The UK’s Financial Conduct Authority (FCA) has joined forces with research and technology partners at the Turing Institute and Plenitude Consulting to create a synthetic dataset designed to enhance the fight against money laundering. This initiative tackles a long-standing obstacle in financial crime prevention: the difficulty of accessing realistic transaction data without compromising customer privacy or breaching strict data protection rules.
Money laundering remains a massive global problem, with estimates suggesting criminals move between 2 and 5 per cent of world GDP – roughly $800 billion to $2 trillion every year – through legitimate financial channels.
Traditional rule-based detection systems often struggle because suspicious activity typically spans multiple accounts, entities and transaction patterns rather than appearing in isolated events.
Banks and regulators have historically faced legal, ethical and technical barriers when trying to share or analyze real customer data for developing better tools.
Even anonymised records can lose critical behavioral signals or risk re-identification.
To overcome these hurdles, the FCA collaborated with the Alan Turing Institute, Plenitude Consulting and Napier AI on the Synthetic Data and Anti-Money Laundering project.
The team started with anonymised real-world transactional information from UK retail banking. Using advanced generation techniques – including the Adaptive and Iterative Mechanism (AIM) – they produced an entirely synthetic collection of customer profiles, accounts and transactions.
This dataset closely mirrors the statistical properties of genuine banking activity while deliberately incorporating a range of realistic money laundering typologies, such as structuring payments just below reporting thresholds, rapid layering of funds across linked accounts, circular “round-tripping” movements and high-risk cross-border transfers.
Differential privacy controls were embedded throughout to guarantee that no individual or specific transaction can be reverse-engineered.
Early evaluations confirm the dataset maintains high statistical fidelity to the original source material, preserves complex relational patterns essential for detection testing, and successfully embeds detectable laundering scenarios of varying sophistication.
While it cannot replicate every unknown criminal tactic, it provides a safe, shareable environment that closely replicates real market conditions.
The project partners contributed complementary strengths: the Turing Institute brought deep expertise in privacy-preserving synthetic data methods, Plenitude offered specialist financial crime knowledge, and Napier AI supplied practical technology experience in detection systems.
The FCA provided regulatory oversight and strategic direction. This synthetic resource will now be released through the FCA’s Digital Sandbox platform.
It forms the centerpiece of an upcoming Synthetic Data AML Solution Sprint, where participating firms can test and showcase innovative detection technologies – particularly those powered by artificial intelligence – without ever handling live customer information.
Applications for the sprint close on 26 April 2026. The exercise is expected to accelerate the development of more effective, data-driven compliance tools, level the playing field for smaller innovators, and generate valuable evidence for future regulatory approaches.

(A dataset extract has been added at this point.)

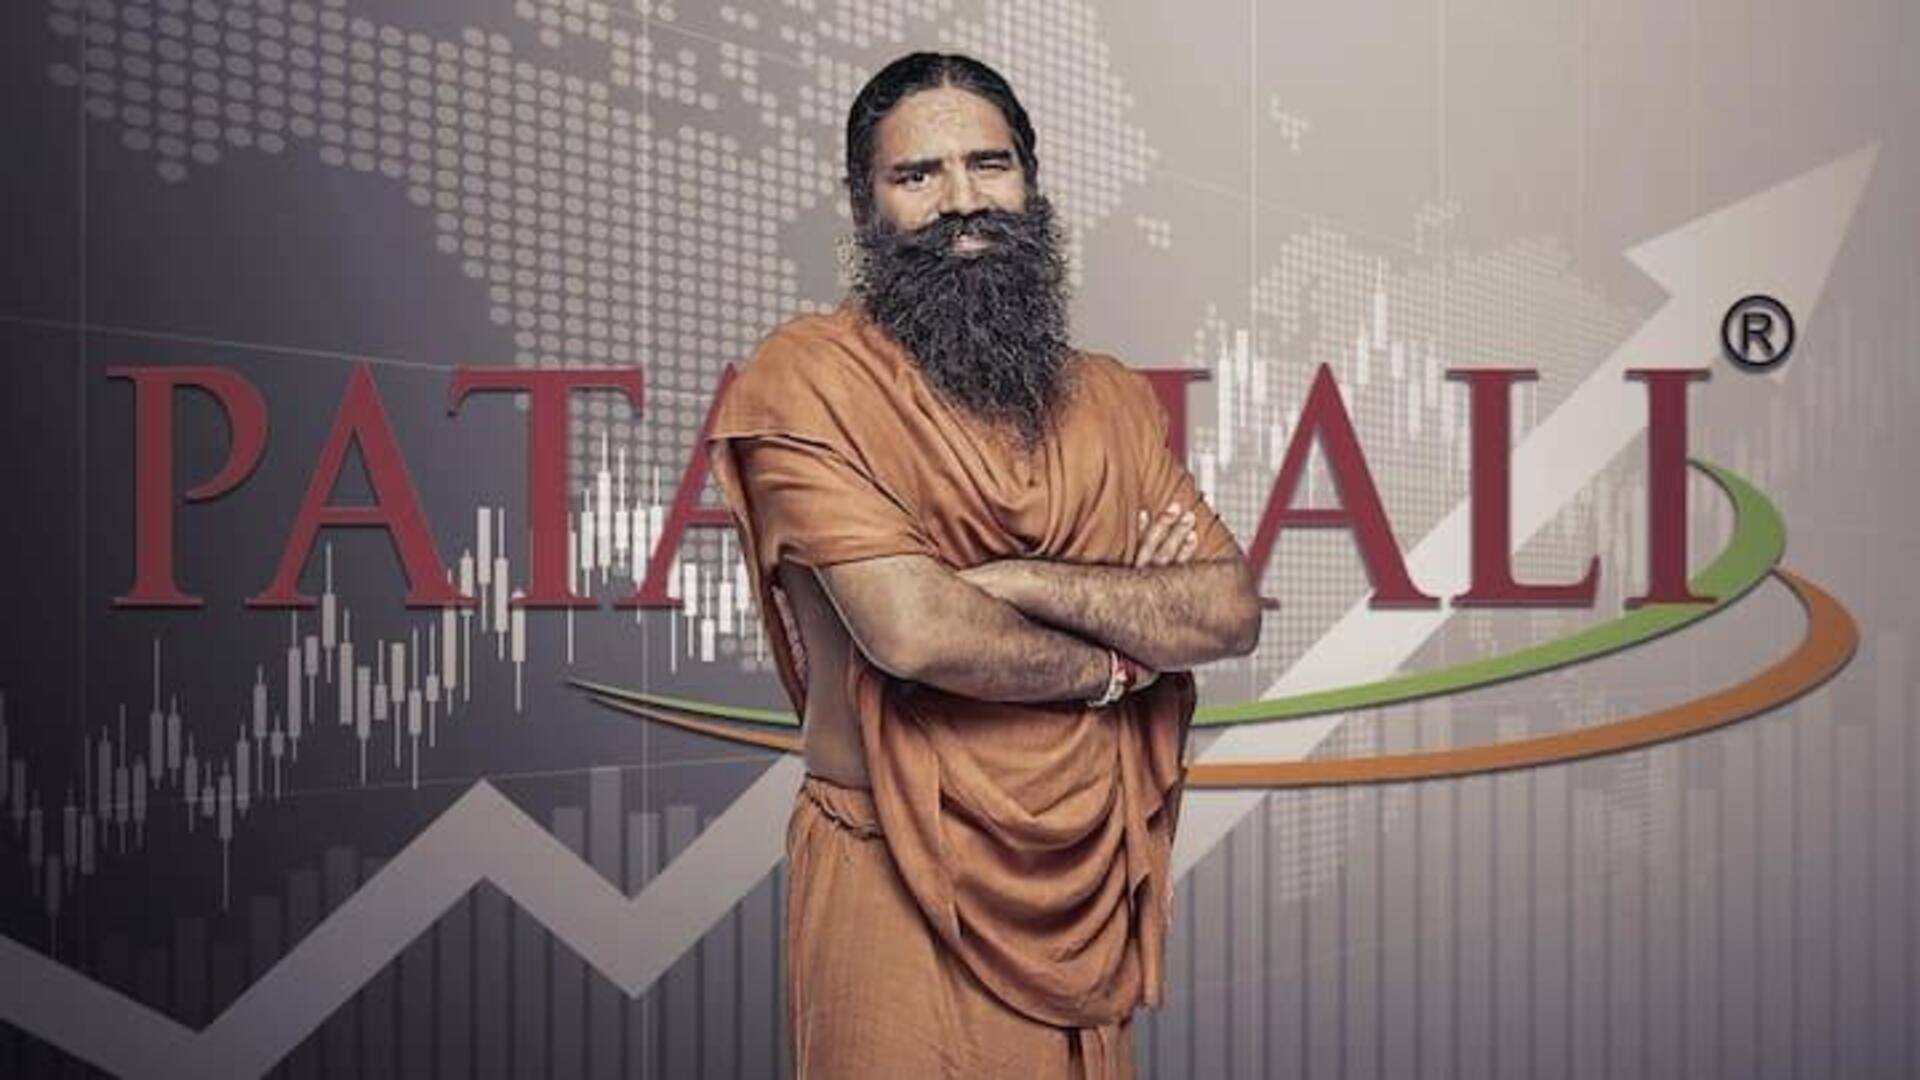 Patanjali official, 2 others jailed over failed food quality test
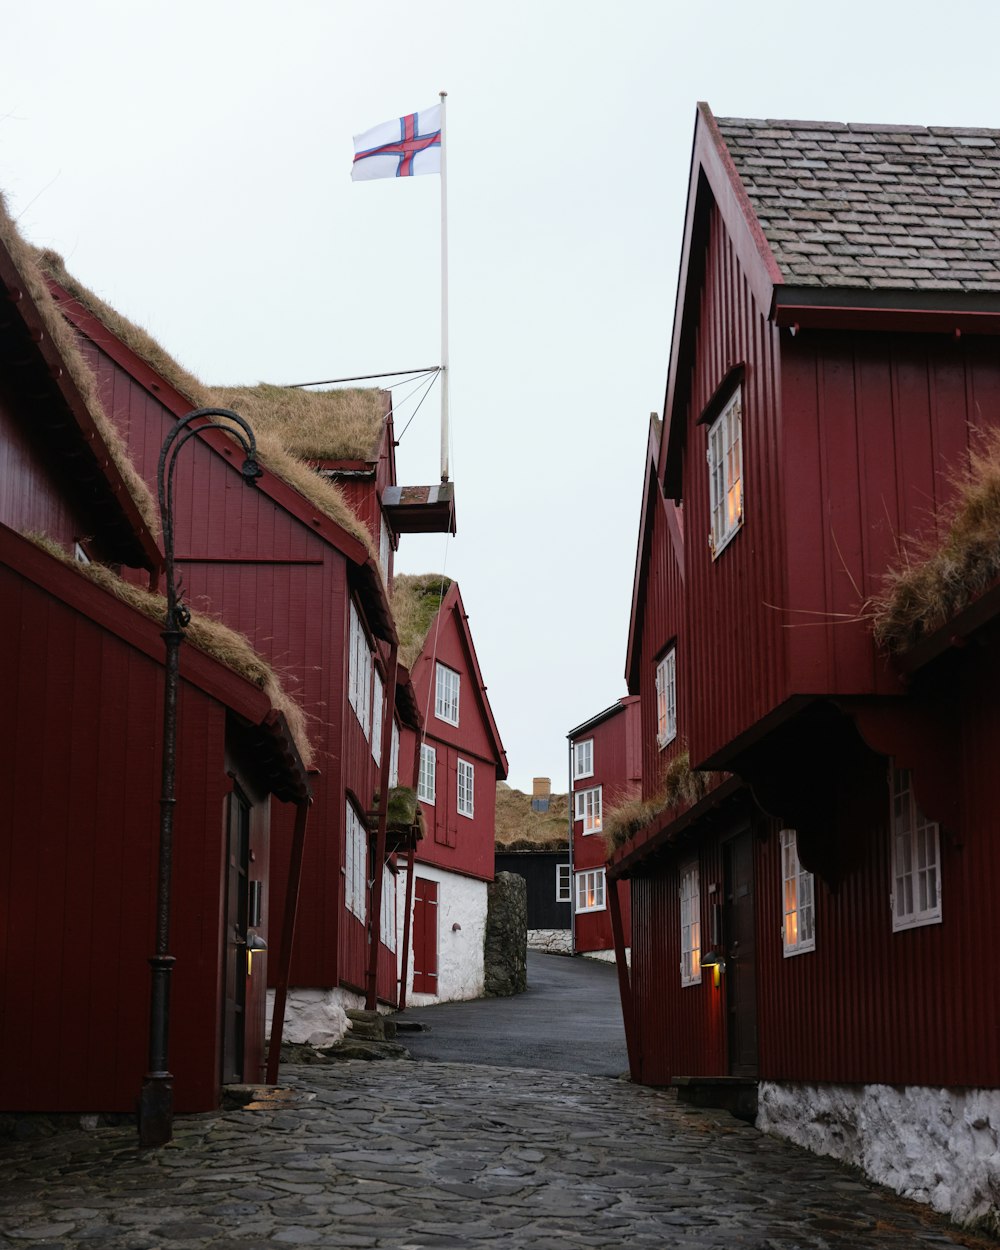 a cobblestone street with red buildings and a flag on a pole

By demonstrating that synthetic data can serve as a reliable, privacy-first substitute for real datasets, the project marks a significant step forward in the UK’s broader strategy to harness technology against economic crime.
Regulators anticipate it will encourage faster experimentation, stronger collaboration across the industry, and ultimately a more resilient financial system that better protects customers and markets from illicit finance.
The dataset is intended as a complementary resource rather than a complete replacement for operational data, with plans for regular updates to keep pace with evolving threats.